Task description -> Write the listing out again word for word, leaving each picture behind.

Data section ->
"""

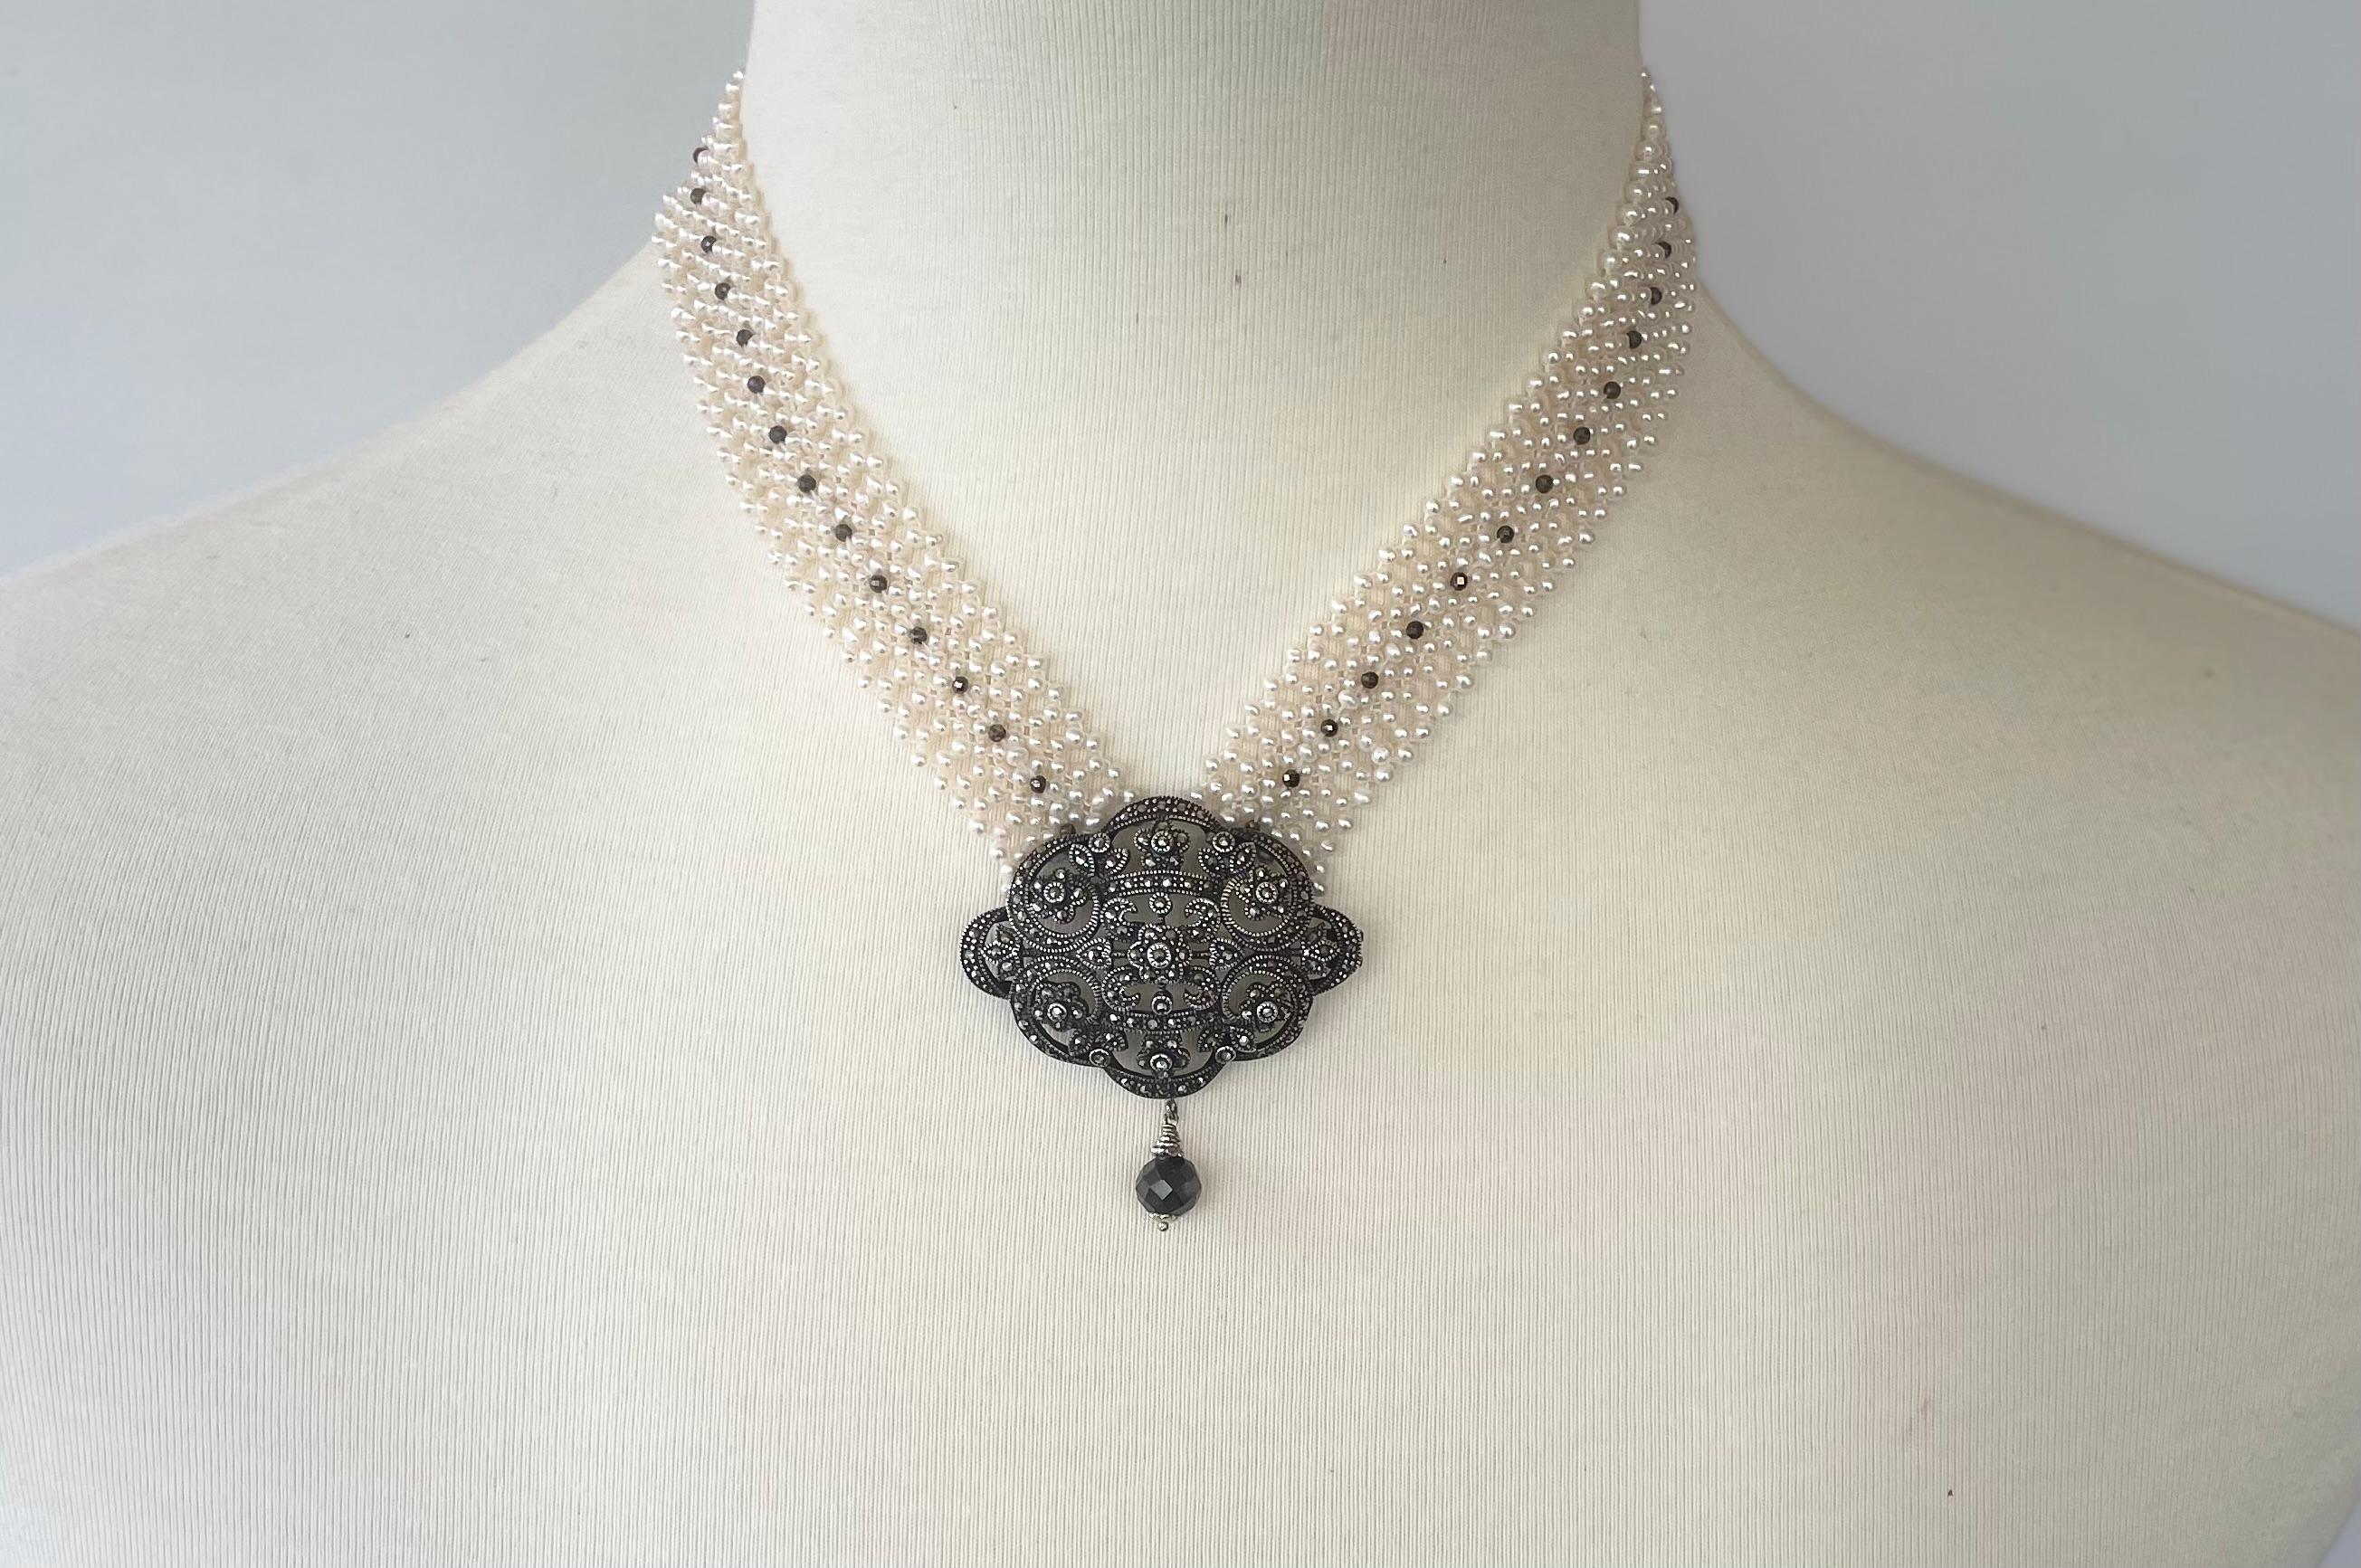 Marina J. Woven Pearl Necklace with Vintage Silver Centerpiece and Black Spinnel For Sale 6
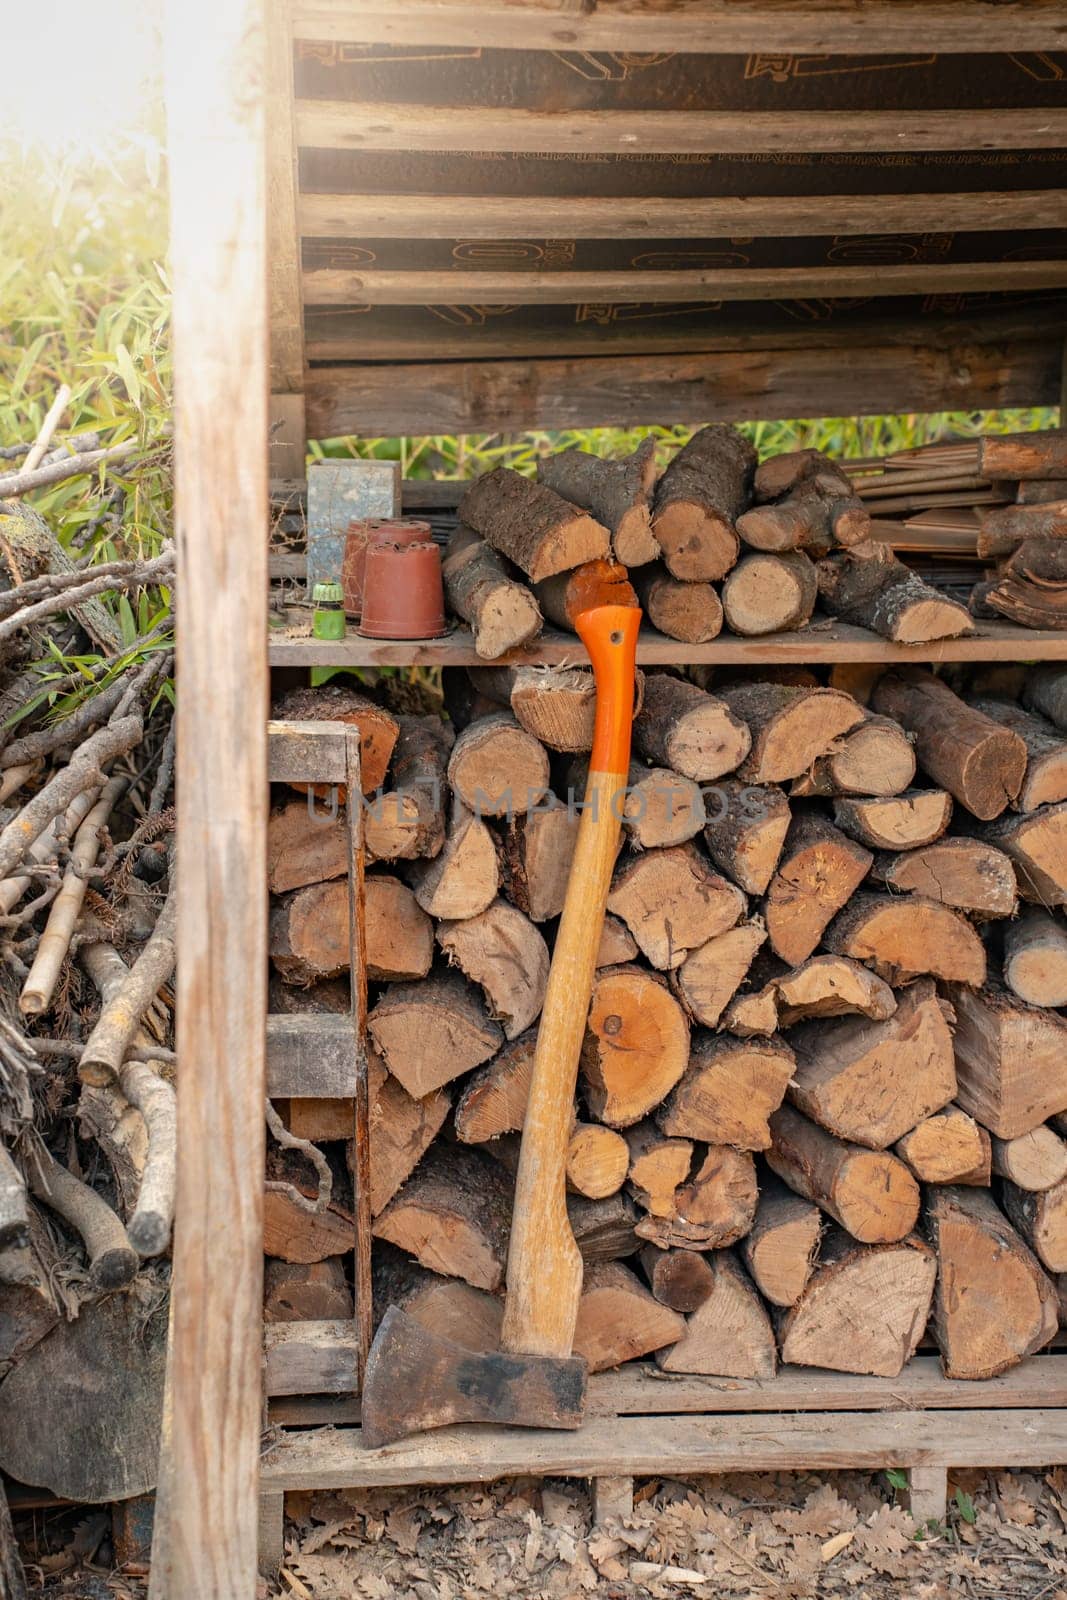 Axe in front of a pile of wood in a woodshed. Natural background. by PaulCarr
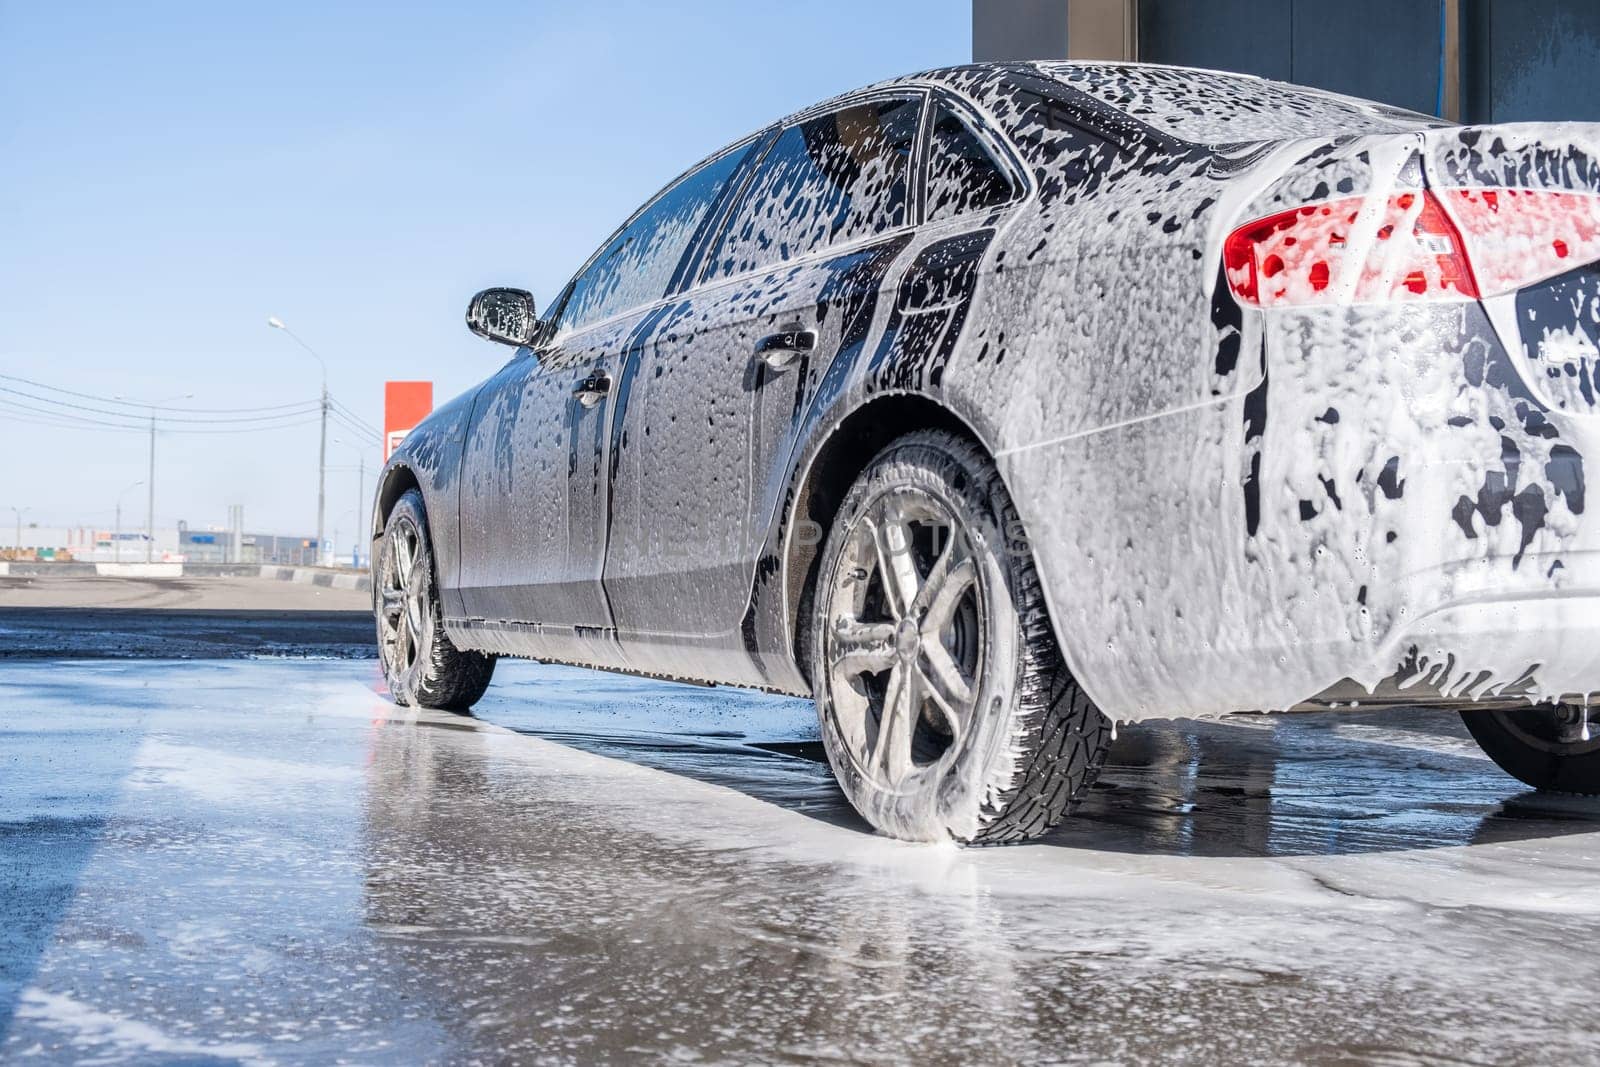 Foamy car at car wash, with tire, wheel, and hood covered in suds by AnatoliiFoto

"""

Written response ->
 Marina J. Woven Pearl Necklace with Vintage Silver Centerpiece and Black Spinnel For Sale 6
 Axe in front of a pile of wood in a woodshed. Natural background. by PaulCarr
 Foamy car at car wash, with tire, wheel, and hood covered in suds by AnatoliiFoto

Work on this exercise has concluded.